** Given information **
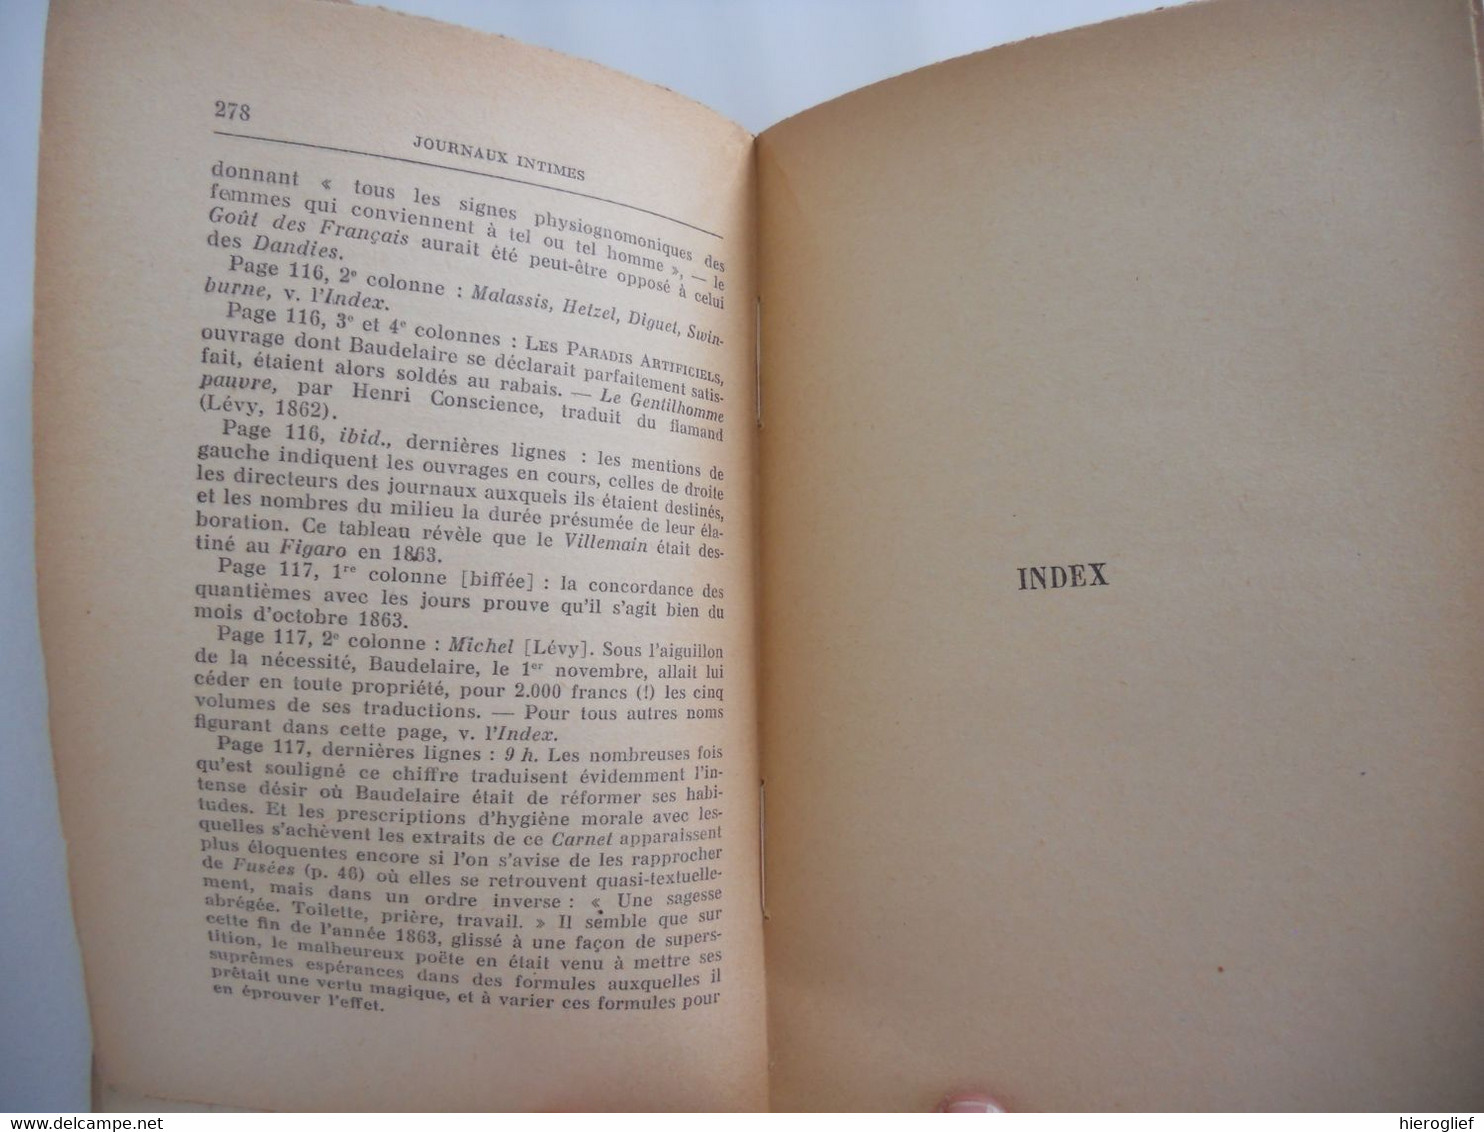 JOURNAUX INTIMES Par Charles Baudelaire 1938 Avertissement Et Notes De Jacques Crepet - Französische Autoren
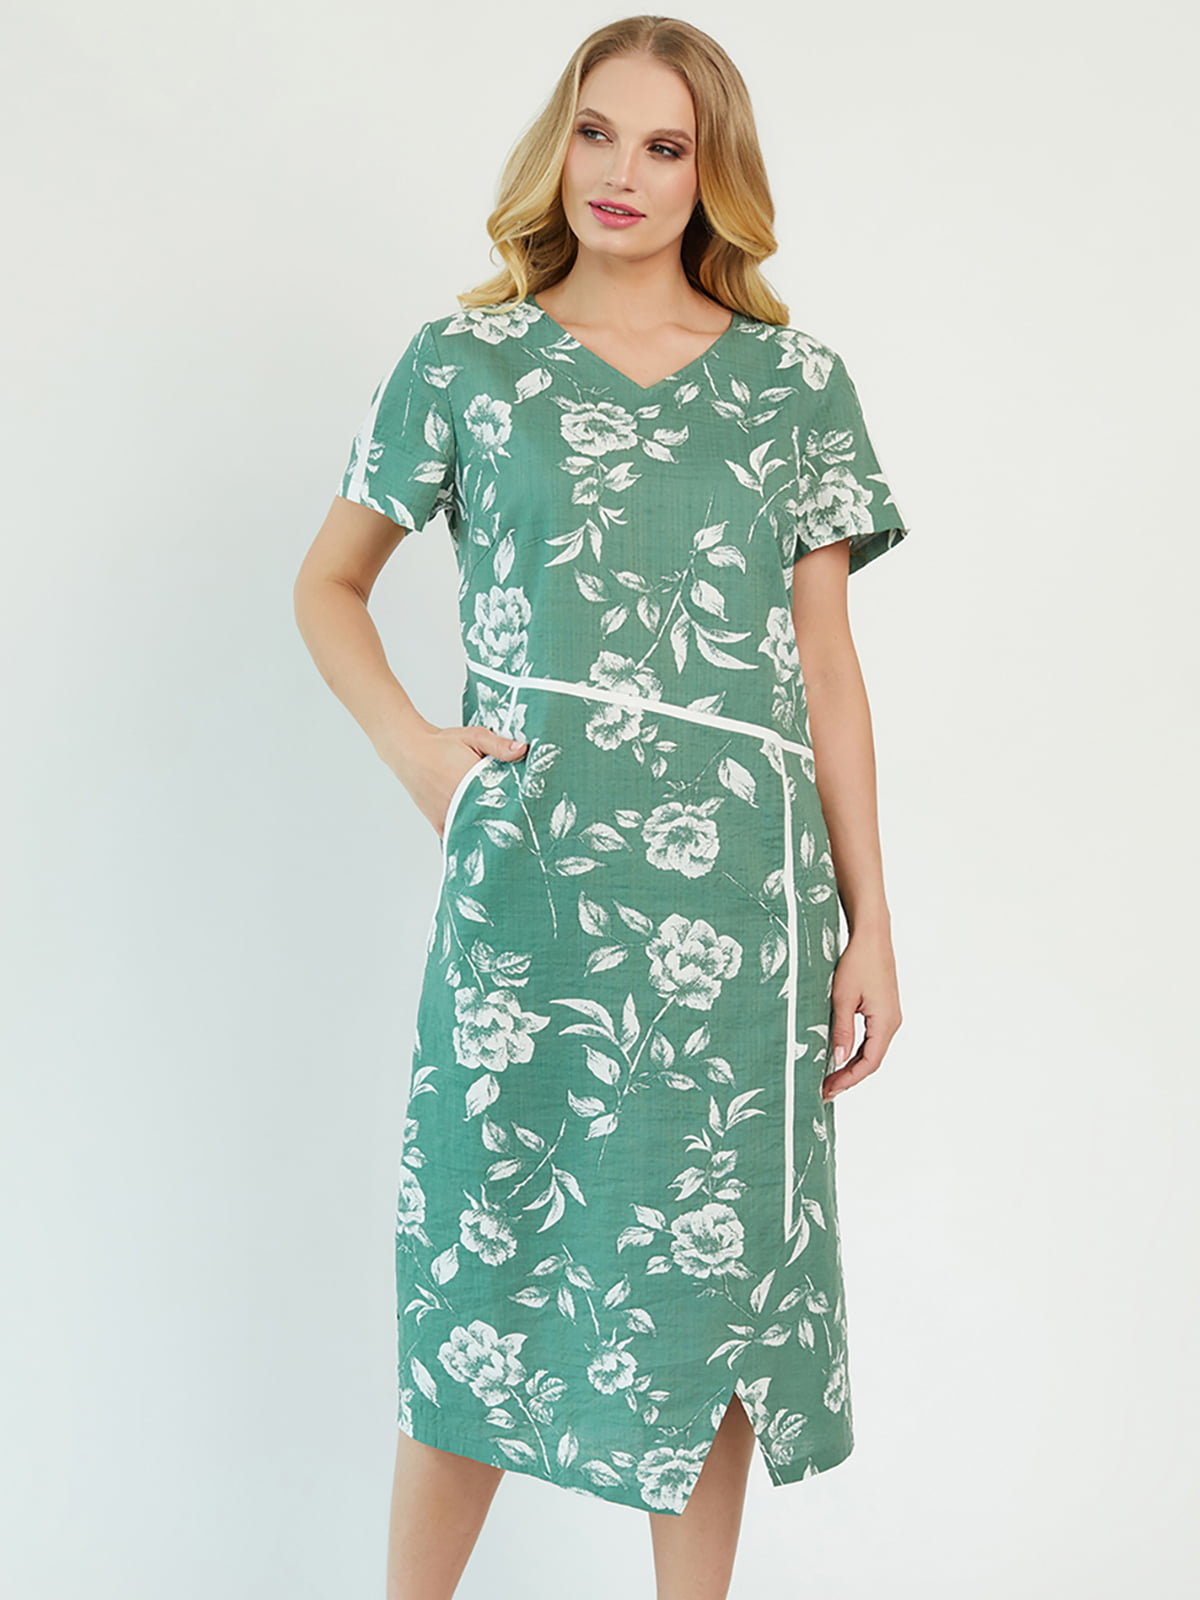 Платье оливкового цвета в цветочный принт | 5729206
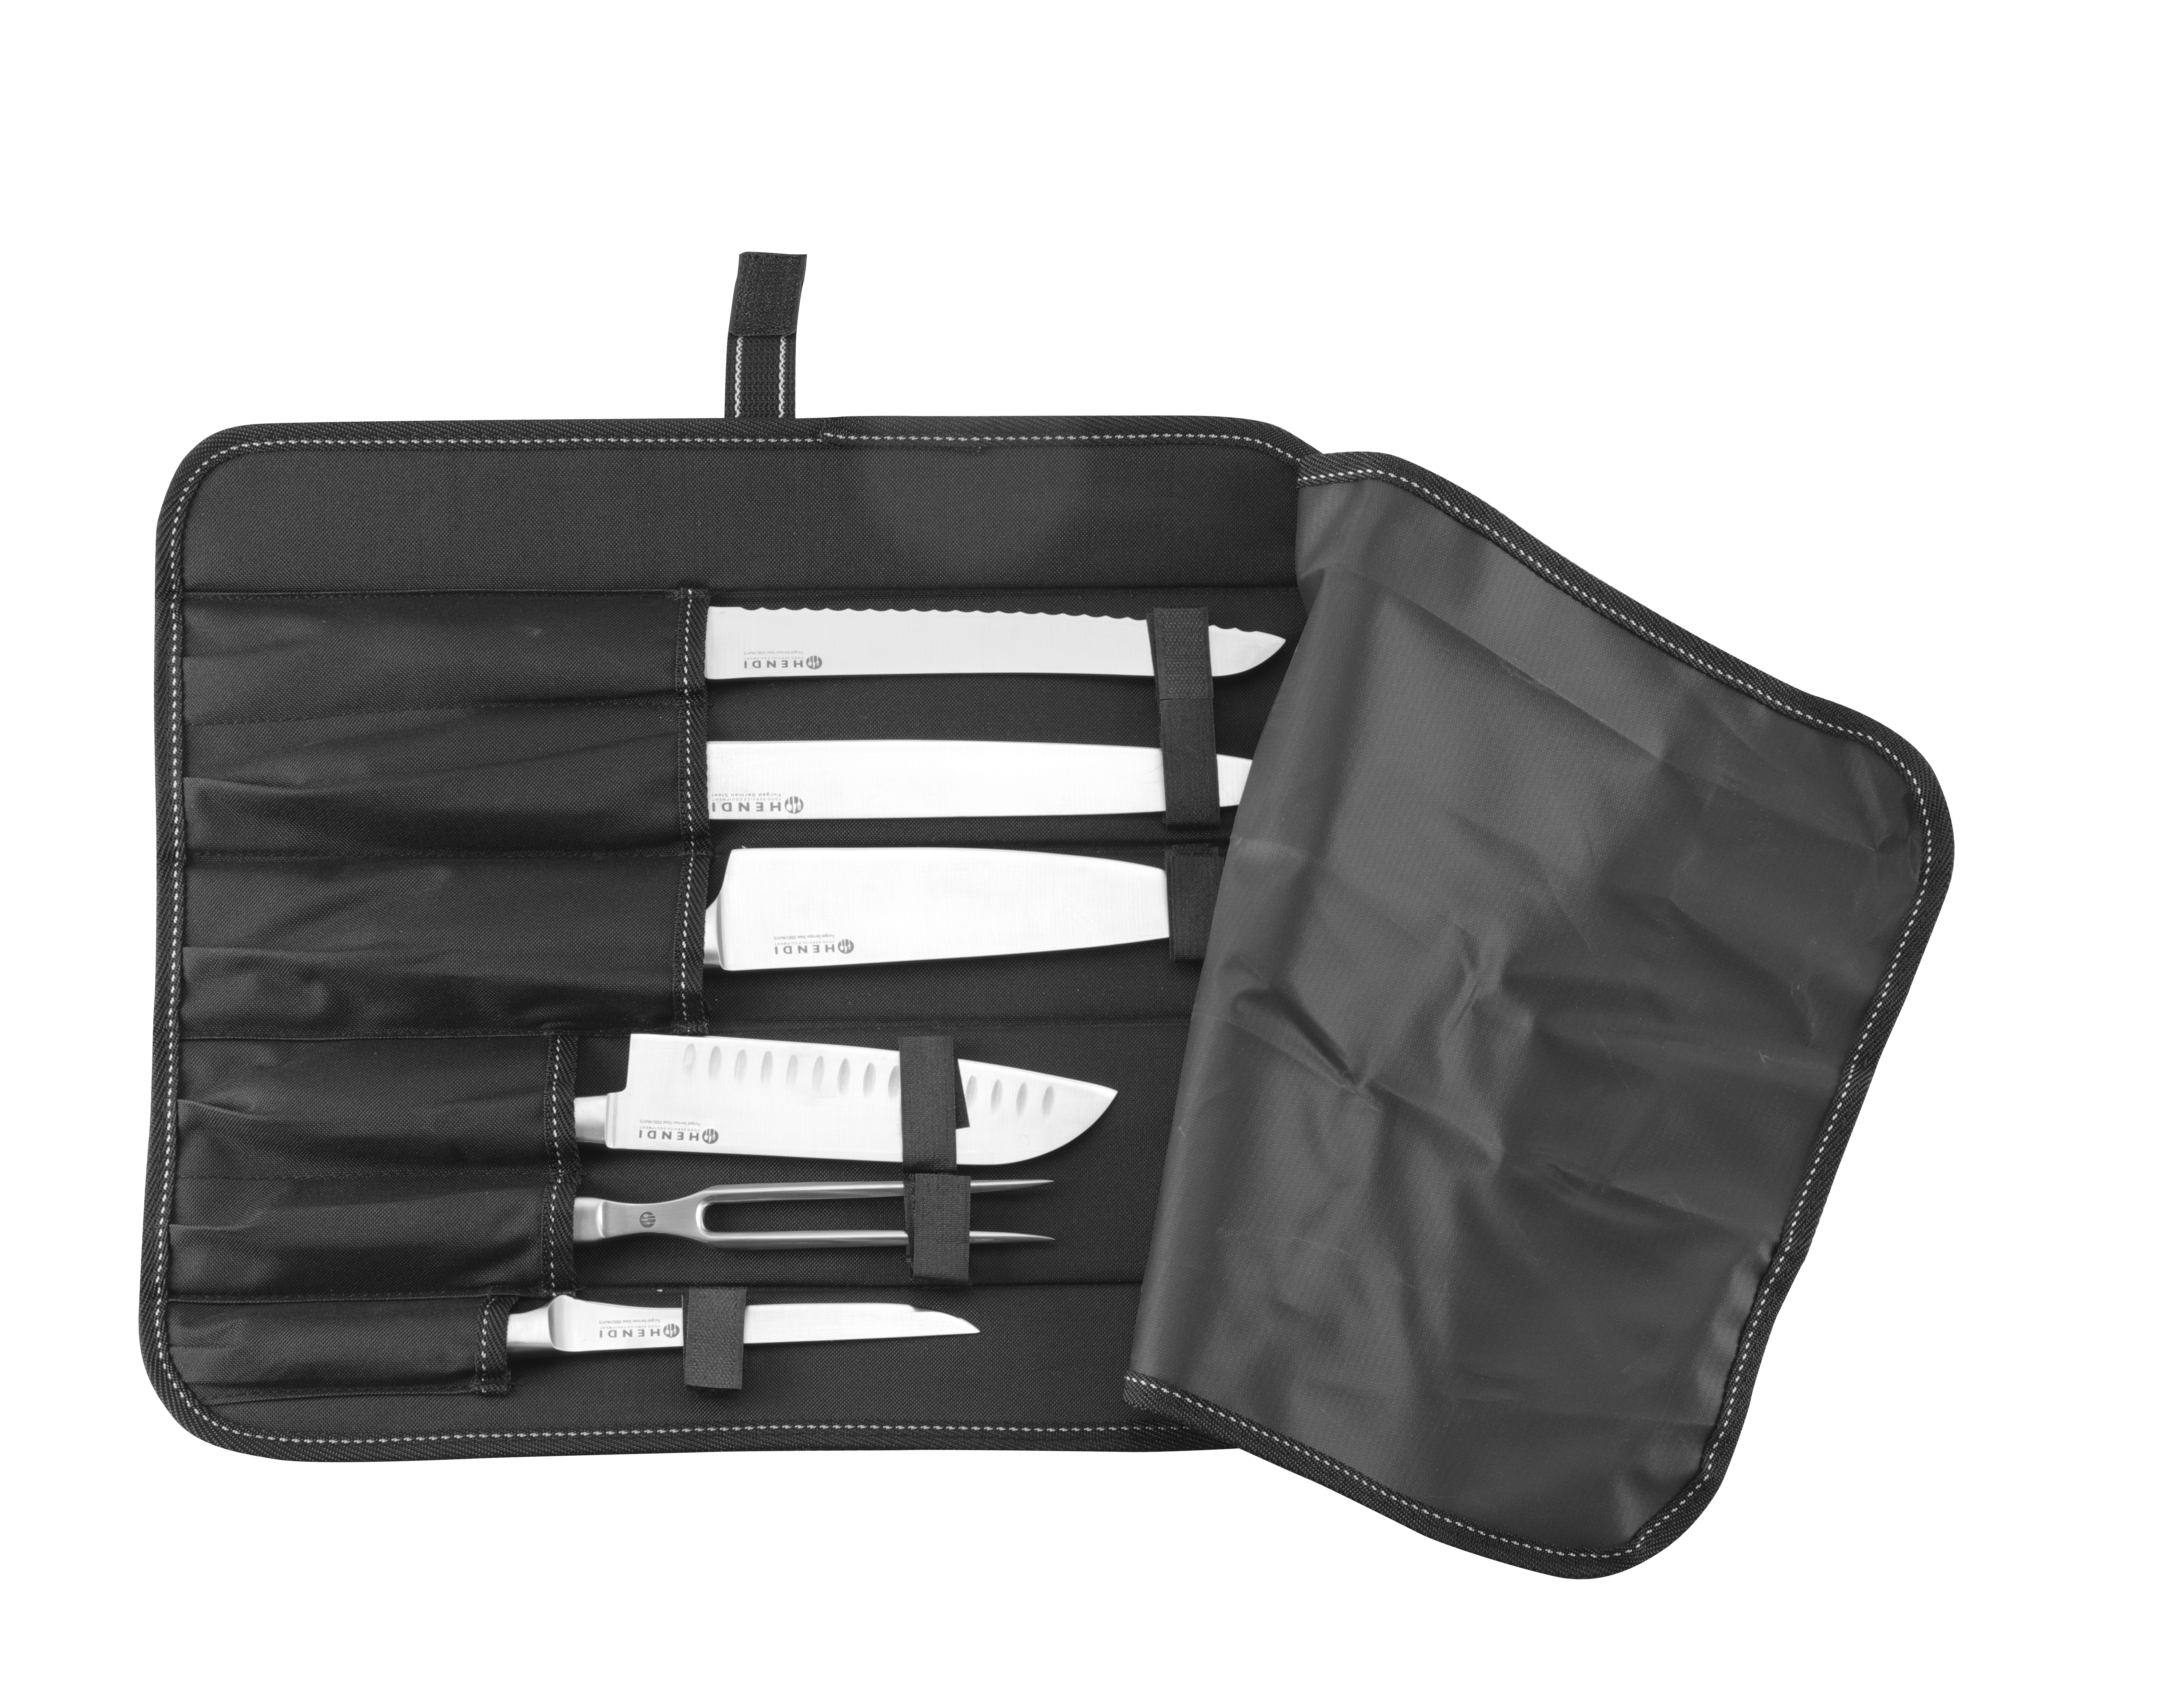 Porte-couverts noir inox 120x150 mm - Hendi food service equipement -  Couverts - référence 427033 - Stock-Direct CHR

** Try it **
Give back exactly the lines from the line with "Платье оливкового цвета" through the end of the material above, inclusive, with no pictures.

** Task answer **
 Платье оливкового цвета в цветочный принт | 5729206
 Porte-couverts noir inox 120x150 mm - Hendi food service equipement -  Couverts - référence 427033 - Stock-Direct CHR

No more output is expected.